> **WHAT THIS TASK INVOLVES**
Pick each line that has "White" out of the records.

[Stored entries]
++++++++

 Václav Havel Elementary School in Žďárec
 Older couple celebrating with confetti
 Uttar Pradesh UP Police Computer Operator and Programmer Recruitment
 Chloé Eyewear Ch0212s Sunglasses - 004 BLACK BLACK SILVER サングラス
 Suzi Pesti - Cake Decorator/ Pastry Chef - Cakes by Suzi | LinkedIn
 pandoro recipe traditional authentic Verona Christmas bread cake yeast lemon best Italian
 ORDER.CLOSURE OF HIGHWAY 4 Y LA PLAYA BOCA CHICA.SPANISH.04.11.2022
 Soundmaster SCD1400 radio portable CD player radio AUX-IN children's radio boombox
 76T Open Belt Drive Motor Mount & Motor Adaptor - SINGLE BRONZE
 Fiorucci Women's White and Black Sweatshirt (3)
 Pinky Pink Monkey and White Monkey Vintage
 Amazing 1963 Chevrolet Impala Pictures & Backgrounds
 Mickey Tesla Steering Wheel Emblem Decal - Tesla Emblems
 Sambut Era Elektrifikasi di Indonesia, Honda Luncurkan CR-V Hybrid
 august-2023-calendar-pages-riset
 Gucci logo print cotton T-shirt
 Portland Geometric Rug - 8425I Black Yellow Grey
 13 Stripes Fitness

++++++++

> **ANSWER BOX**
 Fiorucci Women's White and Black Sweatshirt (3)
 Pinky Pink Monkey and White Monkey Vintage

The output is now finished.